YORK City boss Russ Wilcox felt his side’s 2-0 home defeat to Newport proved there’s no camouflaging the need for summer surgery.

Second-half efforts from David Tutonda and Lee Minshull denied the sixth-bottom Minstermen a fourth straight victory at Bootham Crescent during the final home fixture of the season.

In between the goals, Jake Hyde had a penalty saved and Wilcox argued the display offered conclusive evidence that squad strengthening will be needed during the close season.

“Nothing gets camouflaged now,” the City chief declared. “That could have happened if we had won the game, but we know that we have to do some surgery over the summer to make us better.

“Newport had some good players and game changers out on the pitch and that’s why they’re at the top end of the table. We want to be there too if we possibly can and want to bring in quality players to help us do that.

“The game told us what we already knew and why we are near the bottom. We’ve been there all season and just been pushing for survival, so we’ve got to sit down and see how we can move the club forward.”

Wilcox put the result in context, however, on a day when the two relegation places to the Conference were decided with a fixture still left to play.

He said: “The performance wasn’t good enough for us to win and I’m disappointed, especially for the supporters, because I wanted to finish on a high with four wins out of four at home. Instead, everyone’s gone away disappointed but, if we’re looking at the bigger picture, we were not sat in Cheltenham or Tranmere’s dressing rooms.

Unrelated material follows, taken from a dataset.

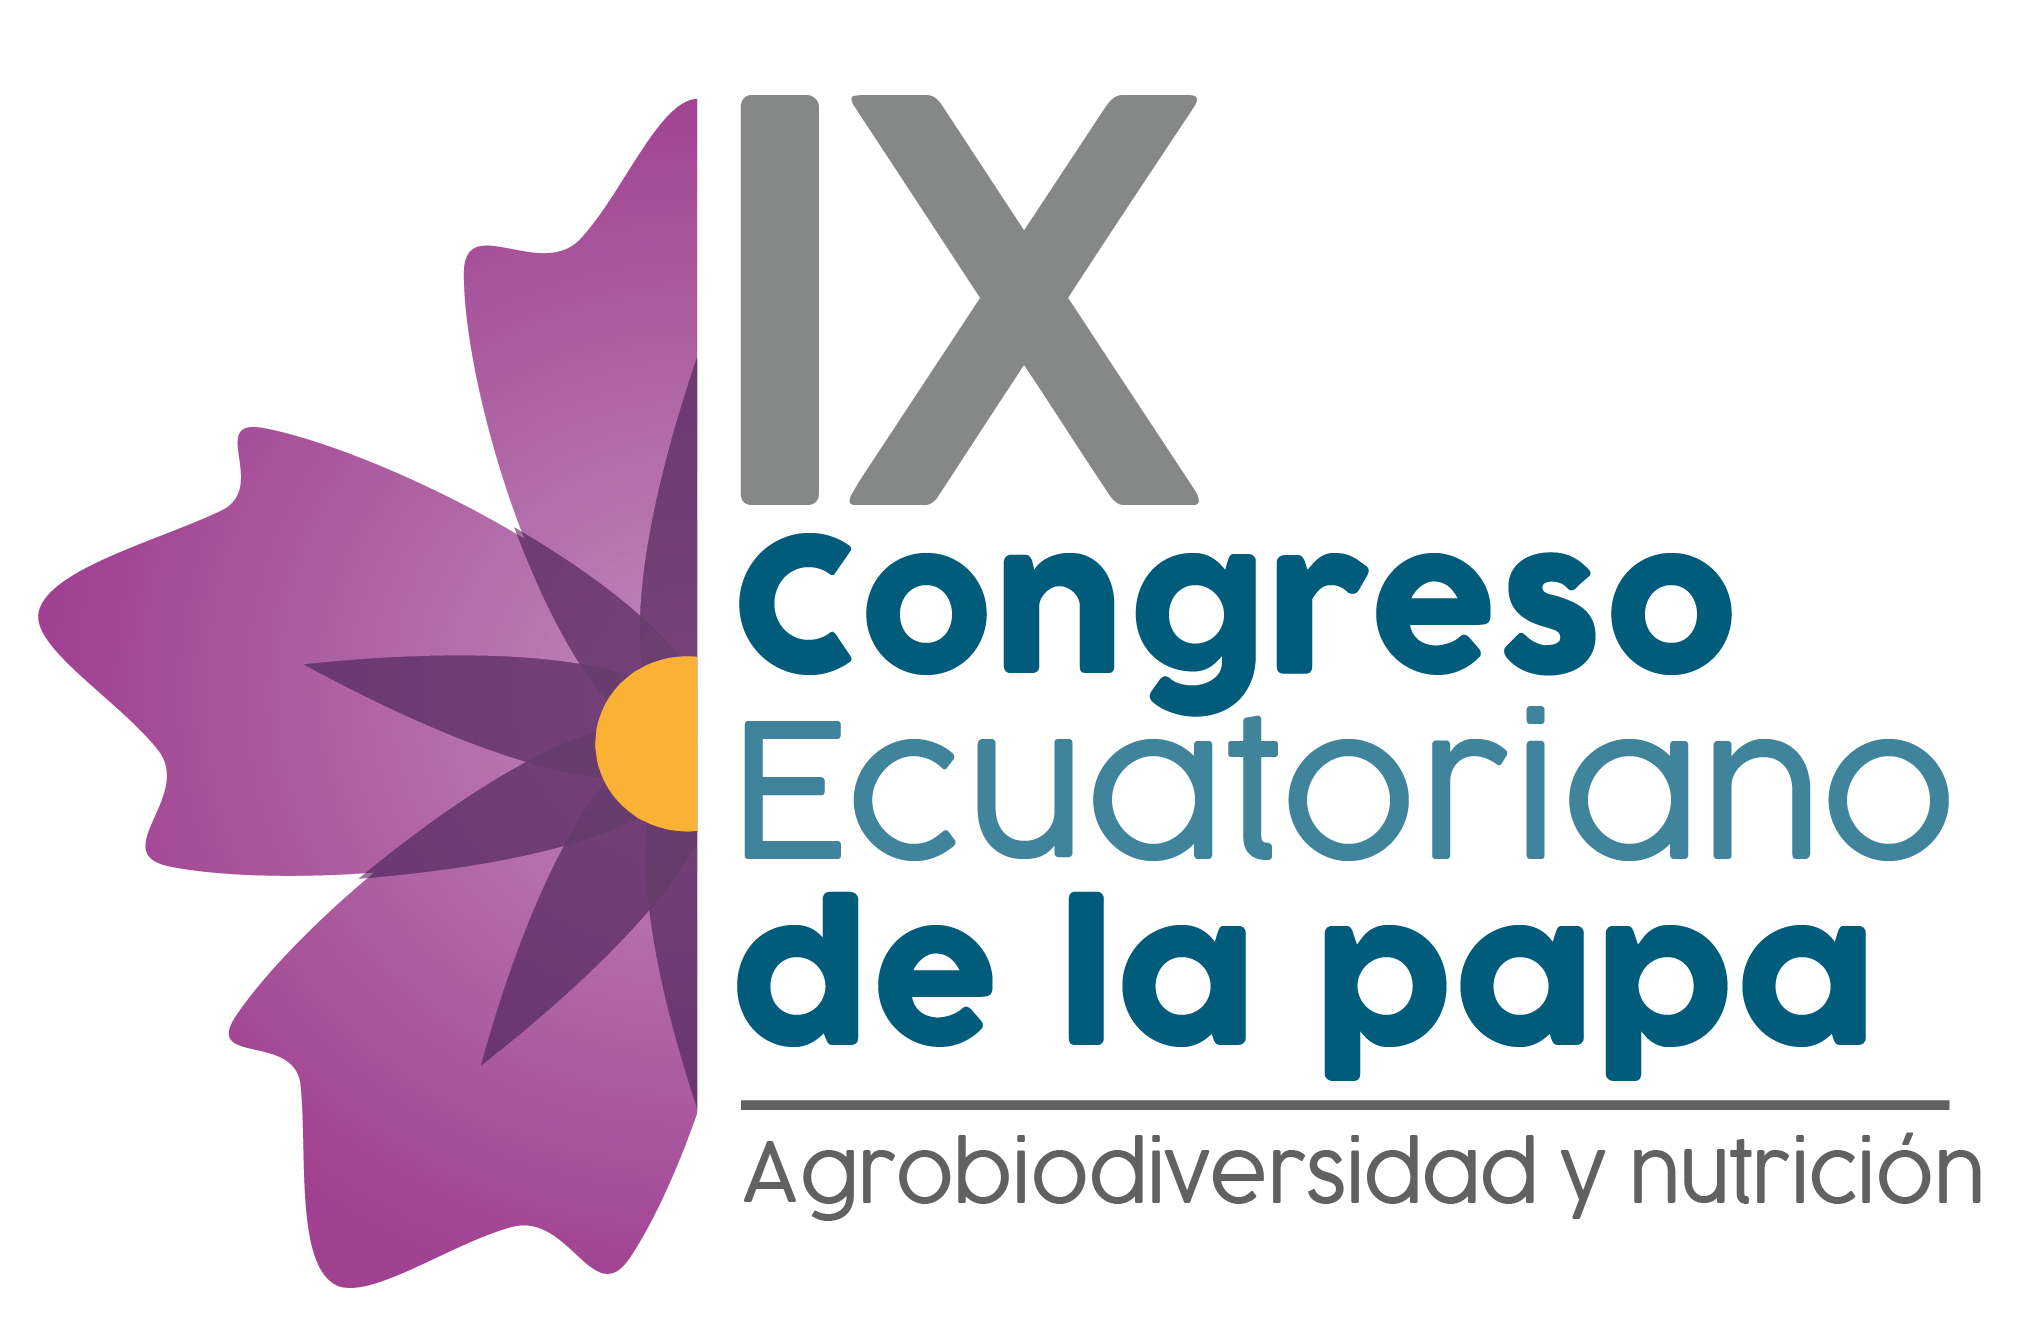 El IX Congreso Ecuatoriano de la Papa
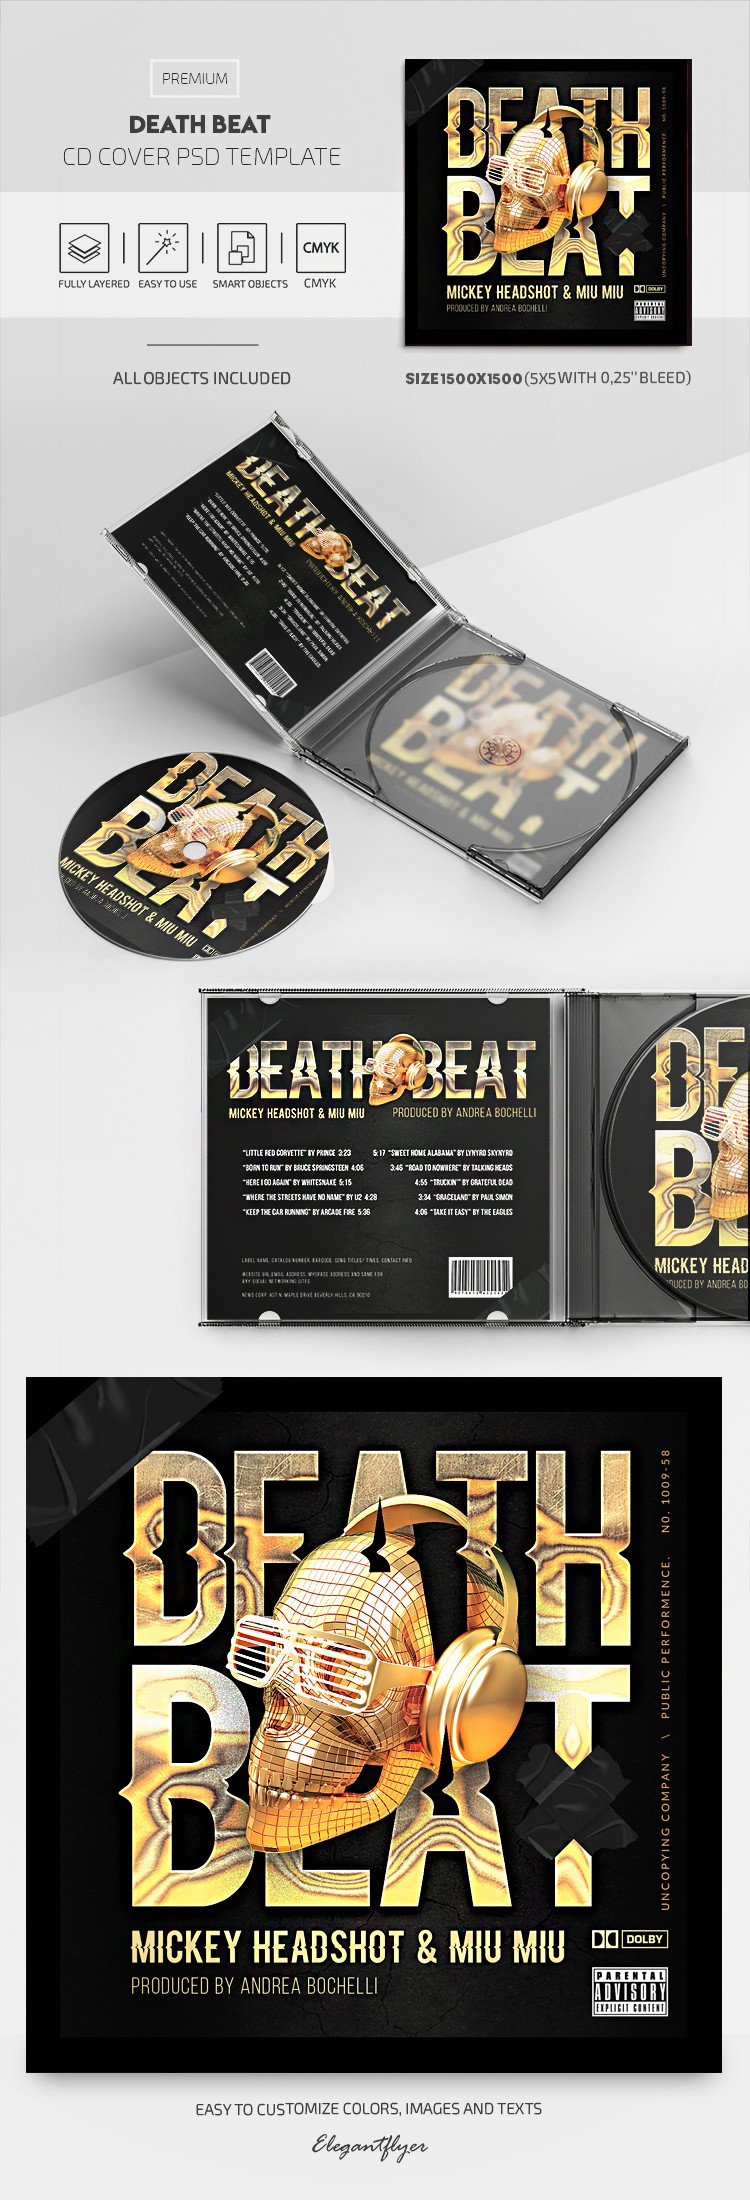 Death Beat Couverture de CD by ElegantFlyer

“There’s no last-day scenario for them now and the main thing is we will be playing League Two football next season. That was my remit from day one of coming here and we have achieved that, so it’s job done.”

Despite admitting Newport were worthy winners, Wilcox did insist the final outcome might have been more favourable had Hyde converted his penalty and Michael Coulson not shot over an empty goal.

“There were key, pivotal moments at 1-0 with Michael’s chance and Jake’s penalty,” the Minstermen boss added. “Over the 90 minutes, they were the better team and they had wing-backs with pace and power who caused us problems.

“We needed a little bit more energy to play at a higher tempo but, if either of those chances had gone in, that would have brought the fans into the game when we were attacking them in the second half.

“Who knows then? At 1-1, it could have been a totally different last 25 minutes.”

For the second successive match, City also conceded from a set-piece delivered into their six-yard box.

The latest effort saw an unchallenged Minshull head in from Mark Byrne’s inswinging free kick and Wilcox confessed: “It was a disappointing goal.

“We had three men in the wall, which I didn’t think we needed because I didn’t feel he was going to score and, then, that leaves you short at the far post. Stephane (Zubar) held his hand up and said it was his man who scored and the goal was his responsibility.”

City started with the team that finished the previous match against Shrewsbury with Shaun Miller preferred to Femi Ilesanmi and on-loan Tottenham striker Shaq Coulthirst filling in again at left-wing back.

On the latter’s suitability to that role, Wilcox said: “It’s been a difficult spot to fill since we lost Josh Carson. The obvious decision is to put Femi in but we’ve tried to be braver.

“There were no complaints when it worked against Morecambe and we won 2-1 but there will be complaints now because we’ve lost. It didn’t quite work although Shaq still showed glimpses of his quality.”

Carson, meanwhile, has been ruled out of Saturday’s trip to Portsmouth with hospital scans suggesting that he has not recovered from the severe concussion he suffered last month during a late-night incident on Merseyside.

“The results weren’t great and Josh won’t be involved in our last game,” Wilcox revealed. “We will now be reassessing him to make sure he’s OK to be fit and able to play football in pre-season.

“He says he feels fine but the specialist made the decision. It was taken out of our hands, which is fine.”

Skipper Russell Penn was replaced late on against Newport but his injury was dismissed as “just a whack” by Wilcox, who is now looking forward to his side’s final fixture of the campaign at Portsmouth.

“Fratton Park is a great place to go when you don’t need any points,” he pointed out “There will be 16 or 17,000 there and you should relish occasions like that.”